Enfin, cette petite pause, ou je dévore aussi un peu de chocolat (le goût sucre me manque tout de même un peu), me redonne de l allant. Je repars droit devant et j essaie d avaler le plus vite possible cette portion ingrate. Difficile d avoir des pensees qui s envolent dans un tel decor. j essaie de me concentrer sur mon pas et de faire confiance a mes bottes de sept lieux pour en sortir vite. Cela me rappelle un peu les abords de certaines villes espagnoles sur le St Jacques, en plus passant et sans que le centre de Tokushima rattrape vraiment les choses.
Un peu avant le temple 18, les choses s arrangent. Je quitte les bords de la nationale et retrouve un environnement plus calme. Le temple, ou l on accède par un petit chemin pentu et arboré, est très beau. Il y règne la même harmonie que dans les premiers temples. Il m offre aussi un beau contraste avec la zone bruyante que je viens de traverser. En repartant, je croise un cycliste que j ai déjà rencontre plusieurs fois ce matin. Il me dit "Strong"...comme sur le St Jacques je vais a peu près a la même vitesse que les cyclistes "tranquilles", même si sur le terrain de ce matin j aurai bien aime avoir un vélo...

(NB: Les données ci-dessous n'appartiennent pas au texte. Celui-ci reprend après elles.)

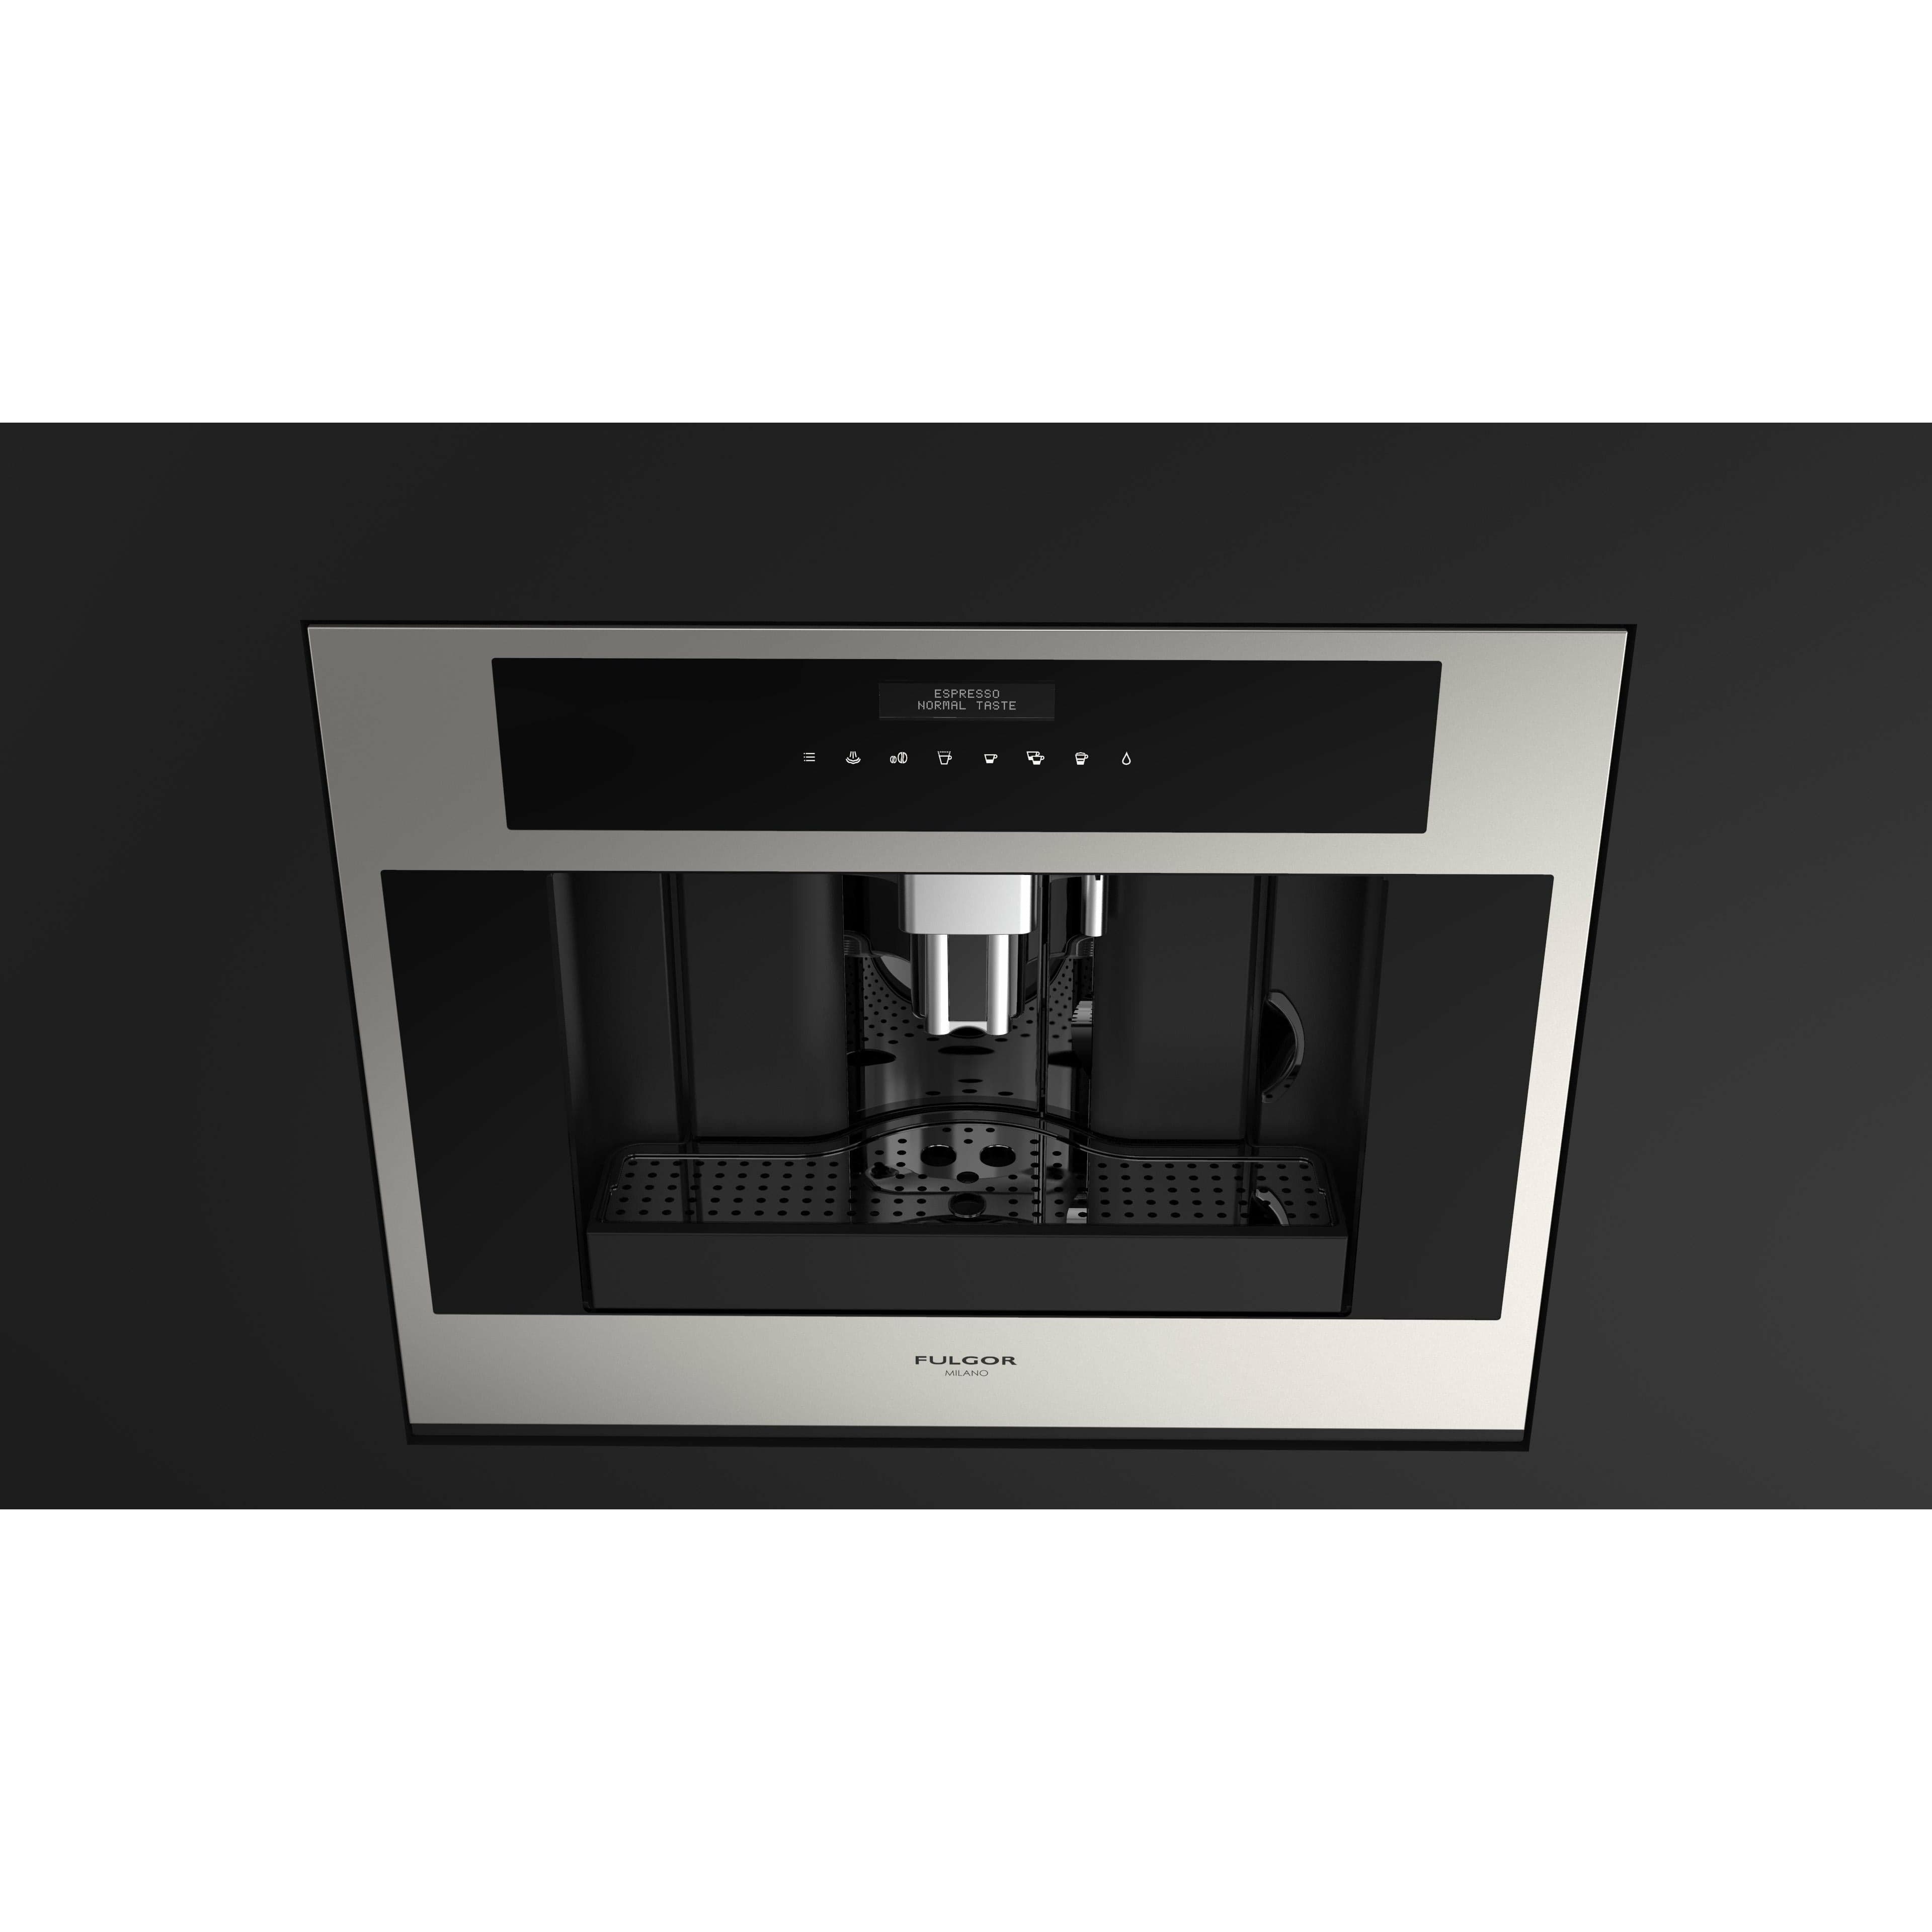 Fulgor Milano 24" Built-In Fully Automatic Coffee Machine, Stainless Steel - F7BC24S1 Kegerators F7BC24S1 Luxury Appliances Direct

Je marche ensuite quelques instants dans une jolie forêt de bambous avant de retrouver une petite route. Encore du bitume mais l environnement est plus calme et plus agréable. Le temple 19 se trouve un peu plus loin, après un joli pont. J y rencontre encore une bonne poignée de pèlerins (qui font le circuit en véhicule ) qui me demandent bien sur d ou je viens. Ma nationalité française a l'air de les ravir. Il faut dire que d après ce que je vois a la télévision ( qui est sans cesse allumée dans les salles a manger et que j allume pour me tenir compagnie dans mes chambres)la France et la culture française ont l air d avoir la côté au Japon. En tous cas, tous ont l air très content qu un étranger vienne parcourir ce chemin. Je suis bien sur loin d être le premier a parcourir ces 88 temples mais nous ne sommes pas foule tout de même. Depuis mon départ je n ai croise aucun occidental a part Sylvie.

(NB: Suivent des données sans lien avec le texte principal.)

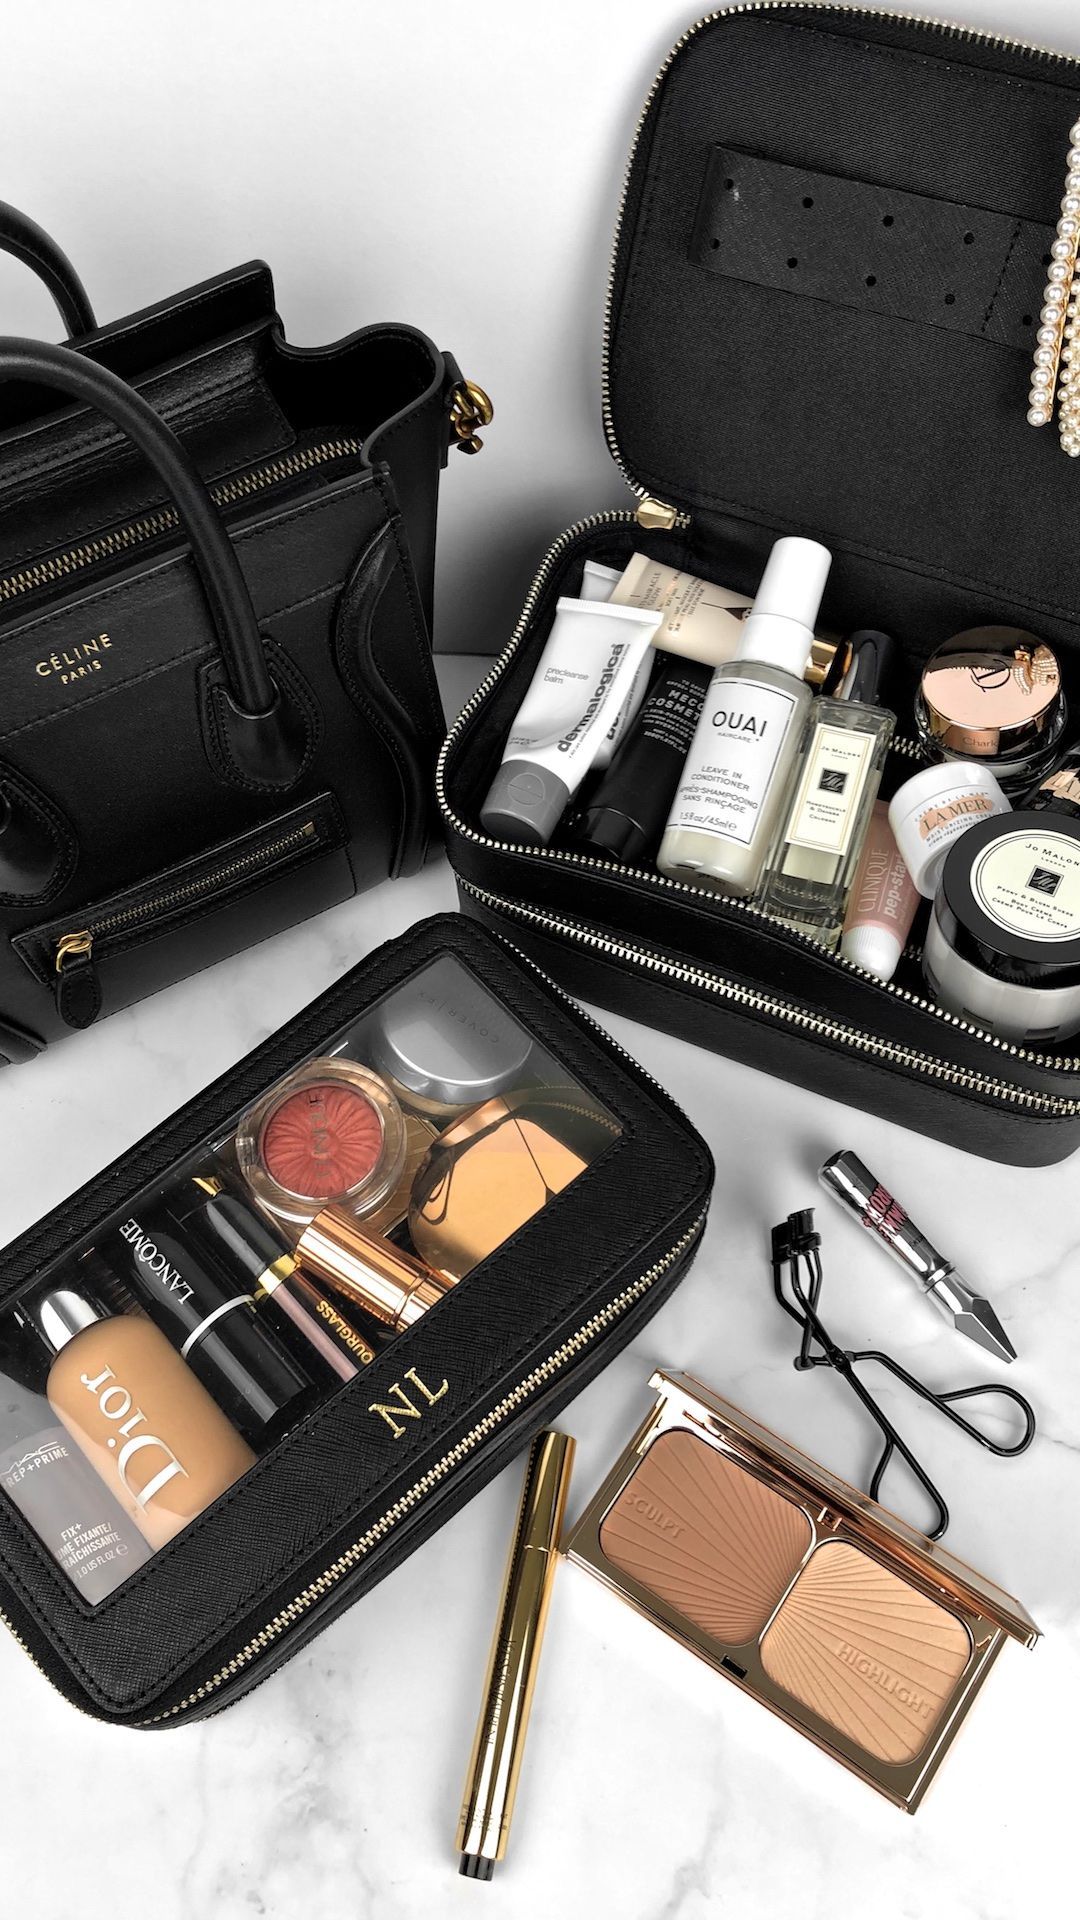 What's In My Travel Makeup Bag -   19 makeup Beauty products ideas

Le ciel s est couvert et c est sous la pluie que je repars pour les quinze derniers kilomètres de ma journée. Je pense en effet m arrêter au village situe juste avant le temple 20, car ensuite il me sera plus difficile de trouver un abris, ce qui par ce temps serait embêtant. En plus je suis tout de même un peu fatigue et n ai pas chôme ces trois derniers jours. Le terrain dur me cause quelques début d ampoules aux talons et il me faudra y veiller, même si ce genre de désagréments est presque inévitable sur ces longs parcours comportant beaucoup de marche rapide. Mes muscles sentent aussi les kilomètres et mes épaules s adaptent a la charge.

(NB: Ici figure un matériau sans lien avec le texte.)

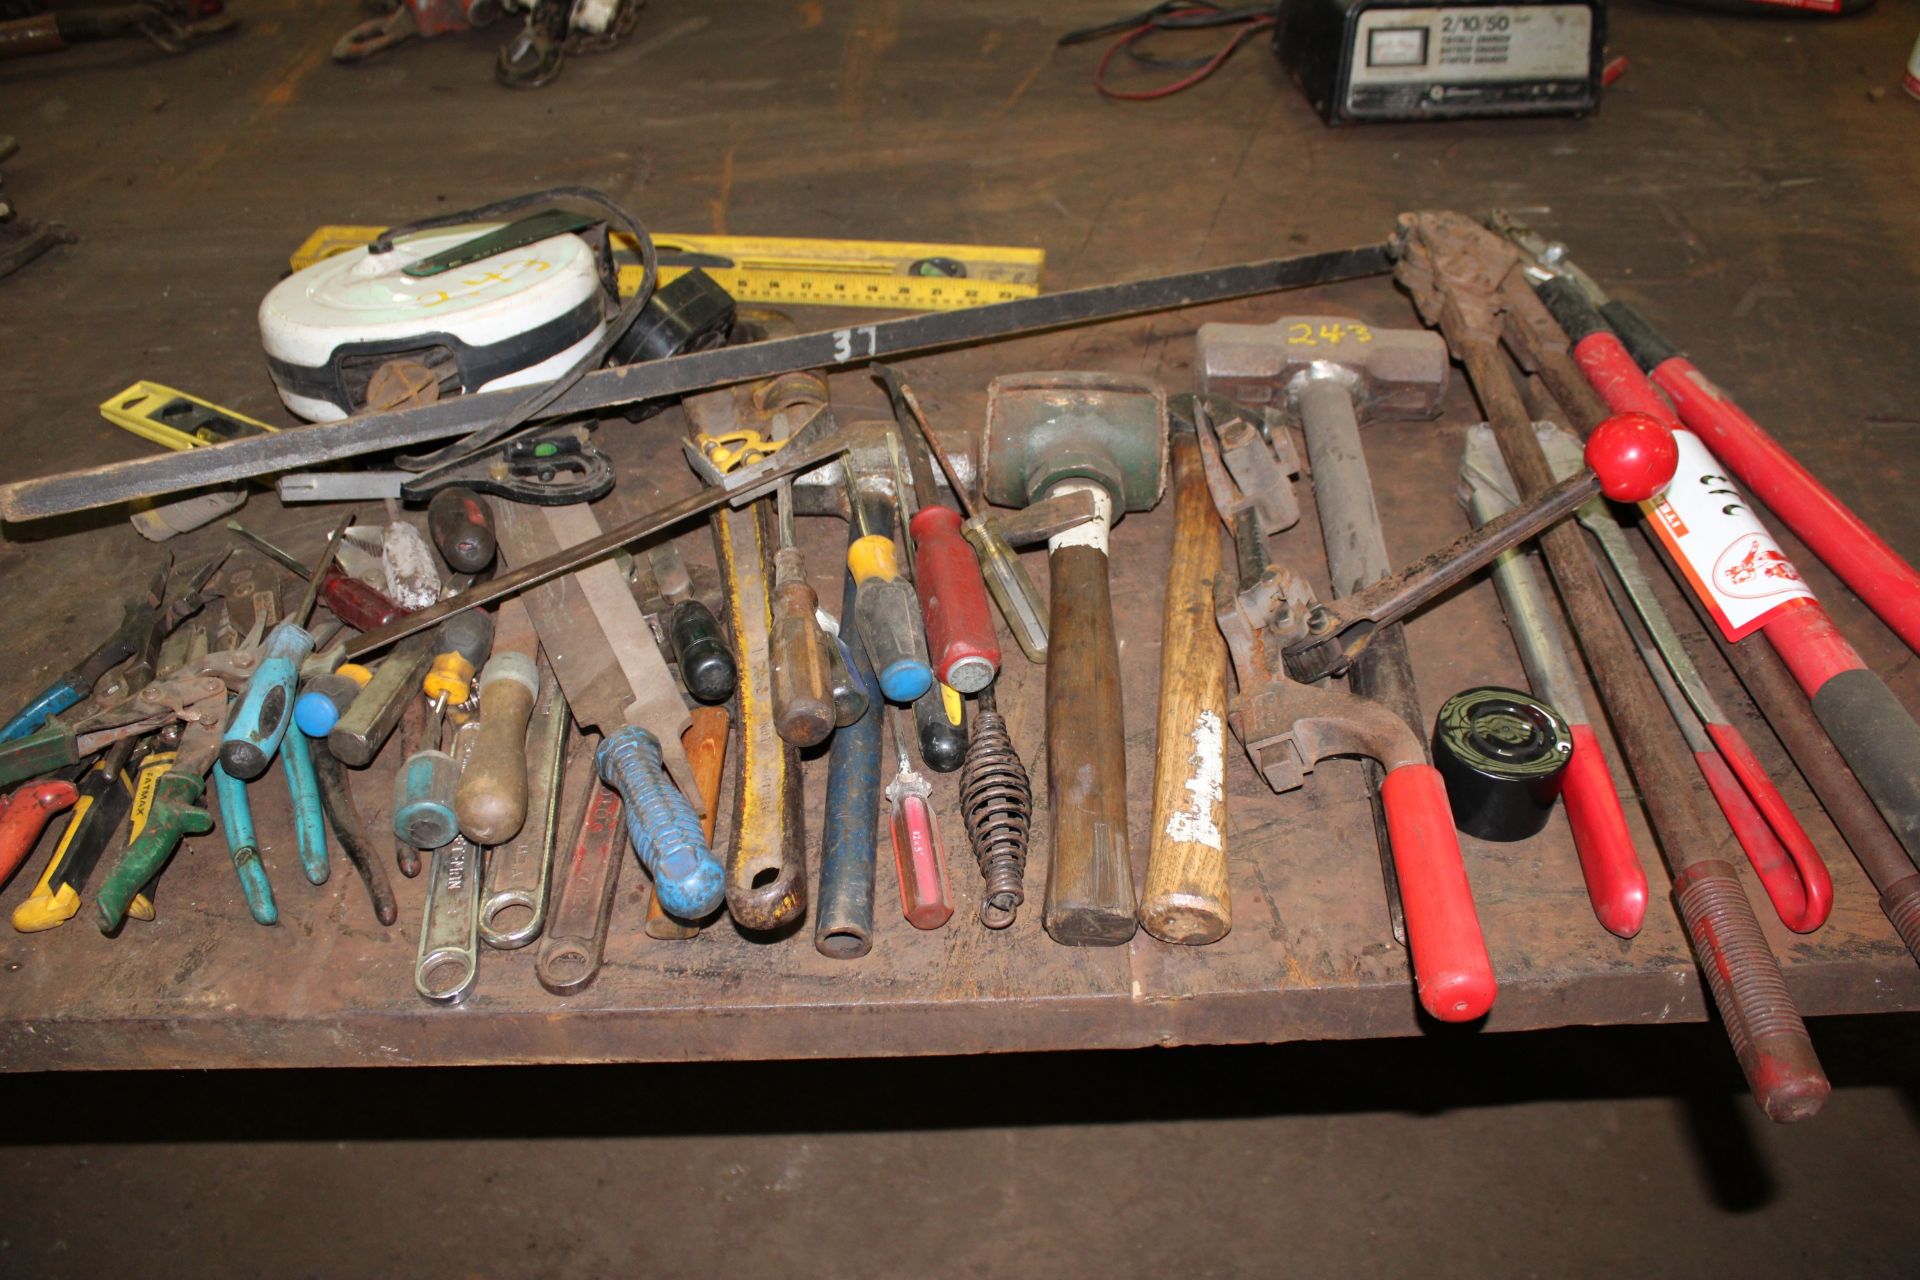 Misc. Hand Tools, Hammer, Files, Screw Drivers, Plyers, Wrenches, Etc

Cette dernière portion n est malheureusement pas très agréable, au bord d une route assez passante. Arrive a mon but, je cherche un peu avant de trouver l auberge locale, ou j'écris donc ces lignes. On n y sert pas a dîner et lorsque je suis ressorti pour acheter quelques vivres a la boutique du coin afin de dîner d un plat déshydraté, une pluie plus lourde m a accueillie.
Heureusement demain la météo semble être prévue meilleure et le parcours devrait a nouveau m entraîner vers de plus beaux endroits. D abords sur des chemins de montagne puis, si je prends le meilleur parcours, en bord de mer. Une mer qui devrait veiller sur mes pas souvent sur le reste de mon chemin a Shikoku. Je vous laisse en me réchauffant dans mon futon, car il ne fait pas bien chaud ce soir.